16:24:58 <ihrachys> yeah. we will catch it a lot later when we pile up more regressions on top
16:25:09 <ihrachys> at the point when it may be harder to unravel things
16:26:07 <jlibosva> maybe we can close the bug and discuss this on the review with pros and cons
16:26:27 <ihrachys> yeah
16:26:40 <ihrachys> I also want to get back to the question of voting for the job in several weeks
16:26:45 <ihrachys> assuming we prove it's stable
16:27:41 <ihrachys> ok let's discuss further in gerrit
16:27:45 <ihrachys> next AI was "anilvenkata_afk to track inclusion of HA+DVR patch for devstack-gate"
16:27:55 <jlibosva> ihrachys: you mean putting functional to gate queue?
16:28:02 <ihrachys> jlibosva: yes
16:28:04 <jlibosva> or talking about fullstack
16:28:08 <jlibosva> ok
16:28:09 <ihrachys> we told we want it stable and voting?
16:28:22 <ihrachys> maybe just check, we'll see
16:28:23 <ihrachys> but voting
16:28:39 <ihrachys> ehm, sorry, I mix things :)

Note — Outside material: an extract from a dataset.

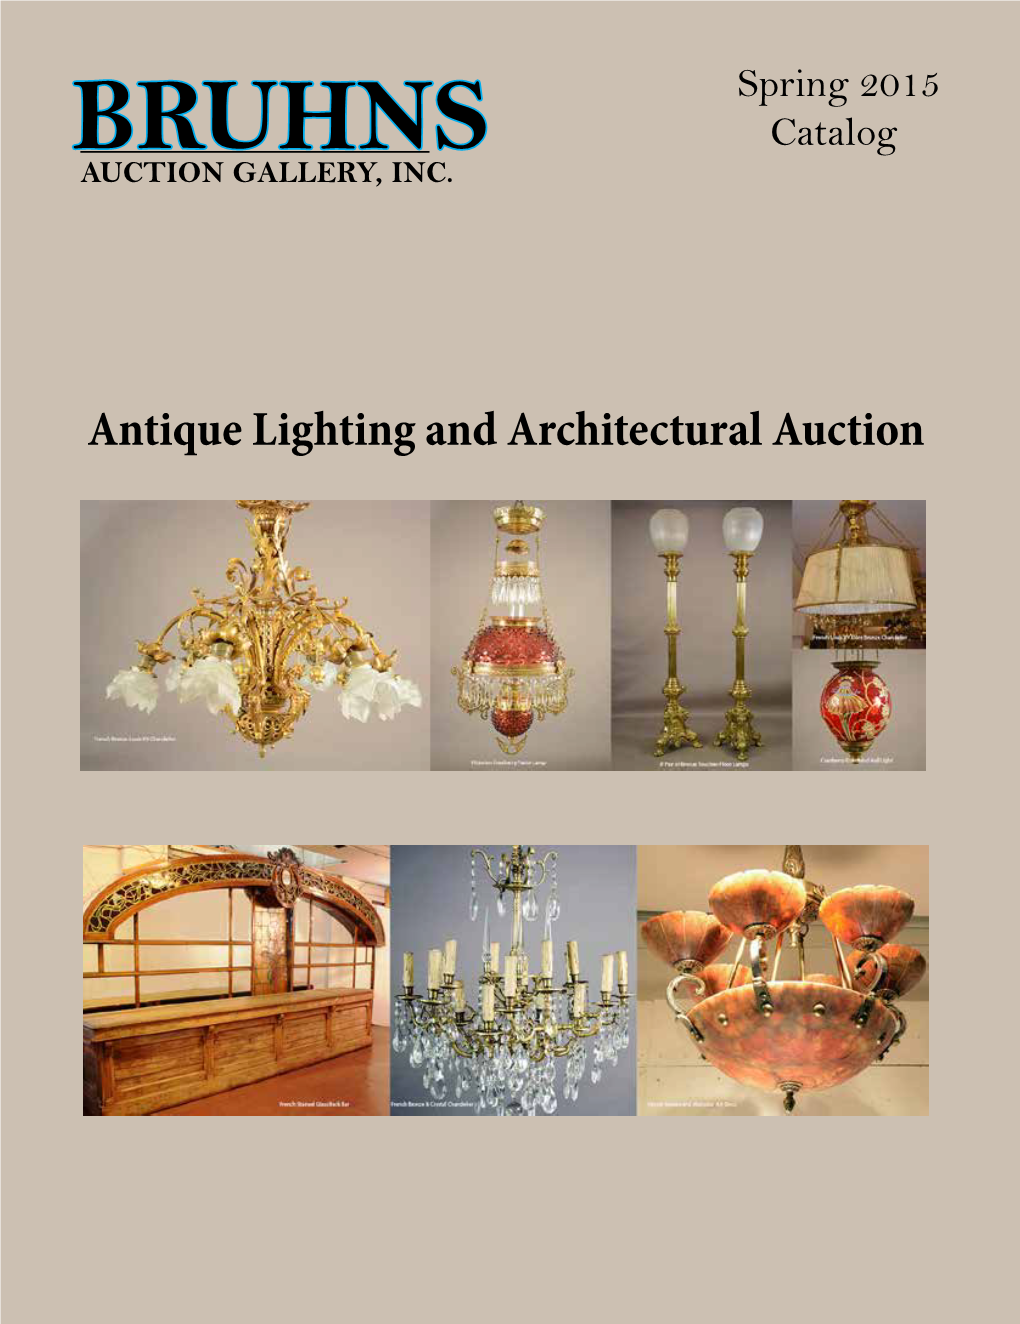 Bruhns Auction Gallery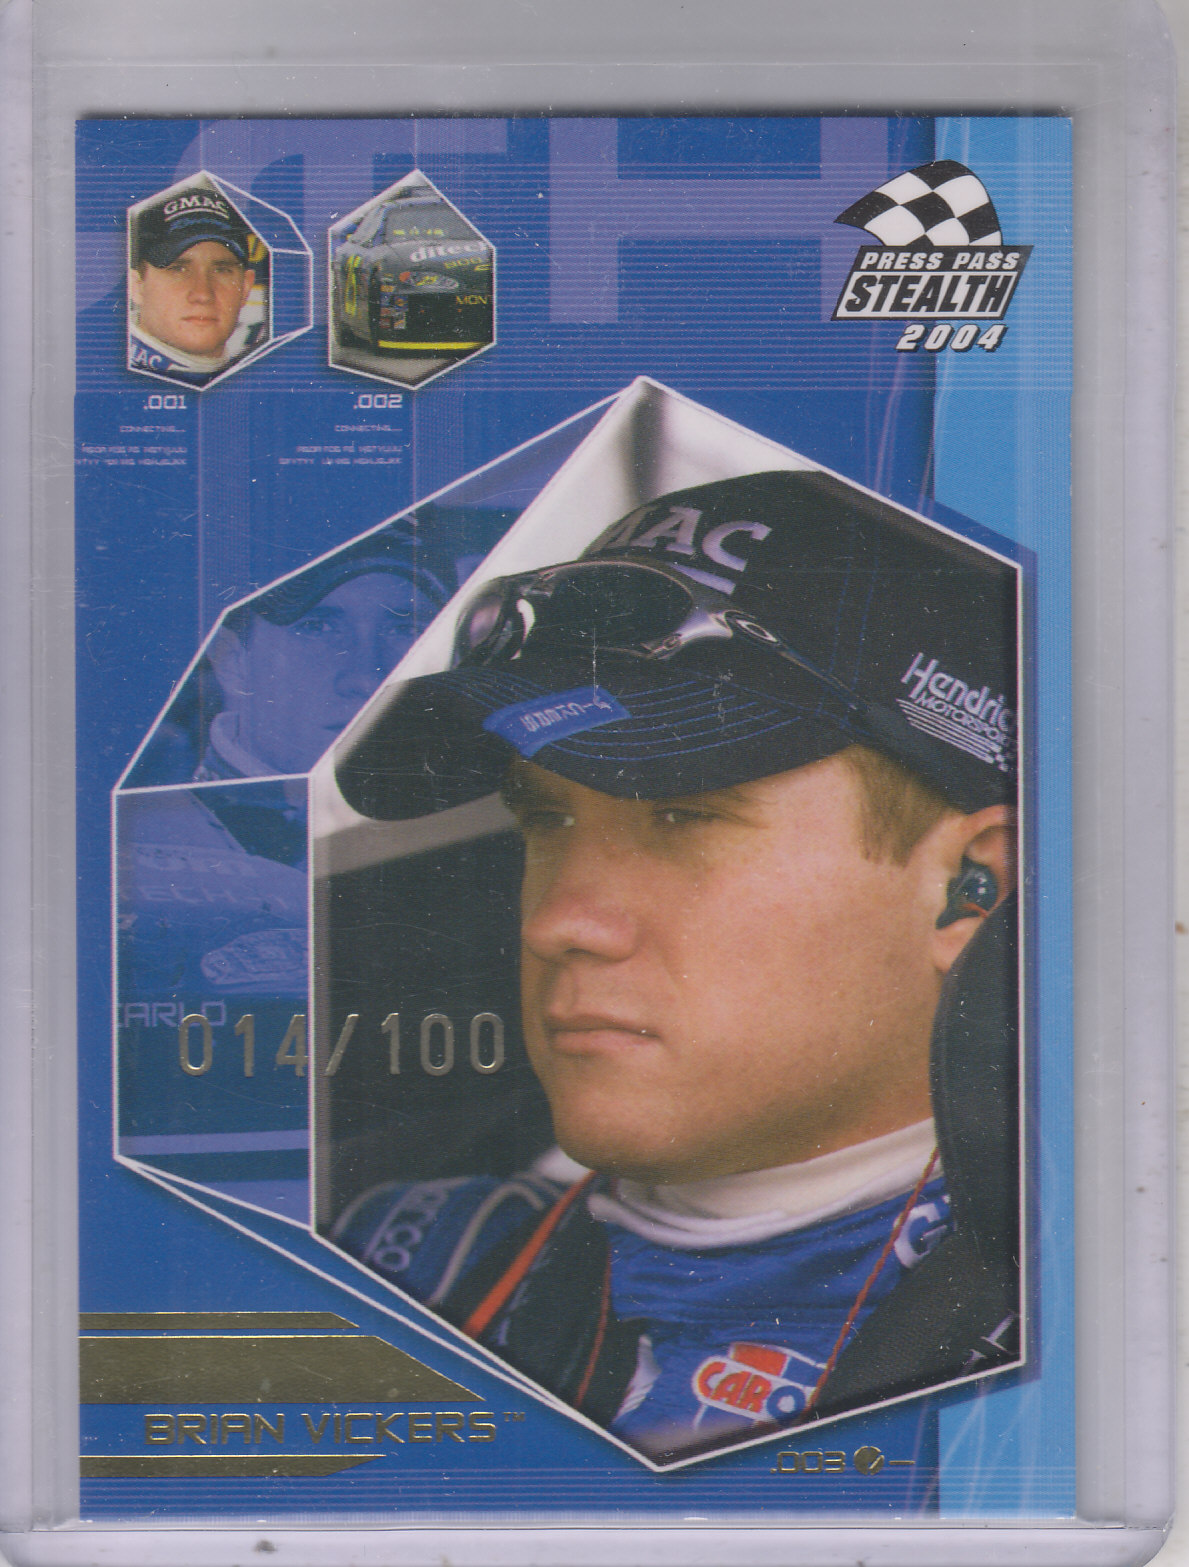 2004 Press Pass Stealth X-Ray #24 Brian Vickers

16:28:43 <ihrachys> yes, gate queue
16:28:50 <jlibosva> got it :)
16:28:51 <ihrachys> for fullstack, it will be first check voting
16:29:18 <ihrachys> for that we need to show weeks of steady stability
16:29:24 <ihrachys> only time will tell if we can do that
16:29:34 <ihrachys> ok back to HA+DVR job
16:29:43 <ihrachys> the patch is still sitting there: https://review.openstack.org/#/c/383827/
16:30:05 <ihrachys> we may want clarkb and other infra gurus to chime in
16:30:22 <ihrachys> I see clarkb +2d it in the past
16:30:44 <clarkb> I can rereview
16:31:22 <ihrachys> thanks!
16:31:49 <ihrachys> #action anilvenkata to follow up on HA+DVR job patches
16:32:18 <ihrachys> there was a test failure in the new ha-dvr job, probably because of the new topology used
16:32:34 <ihrachys> I assume Anil will look at it once we have infra side done
16:33:50 <ihrachys> though actually, since devstack-gate is part of the same queue, we don't need to wait, we can start fixing the test runs with depends-on patches
16:34:02 <ihrachys> gotta check with Anil on his plans
16:34:31 <ihrachys> and, that was it for action items from the previous week
16:34:36 <ihrachys> let's move on
16:34:44 <ihrachys> #topic Action items from PTG
16:34:53 <ihrachys> the prev meeting, we covered most of them
16:35:12 <ihrachys> the only thing that was left behind is python3 strategy
16:35:32 <ihrachys> during ptg, we decided there should be a bunch of jobs that should transfer to py3
16:35:52 <ihrachys> I believe functional and fullstack were in short list
16:36:03 <ihrachys> also we need some tempest job switched to py3
16:36:16 <ihrachys> jlibosva: what's the plan?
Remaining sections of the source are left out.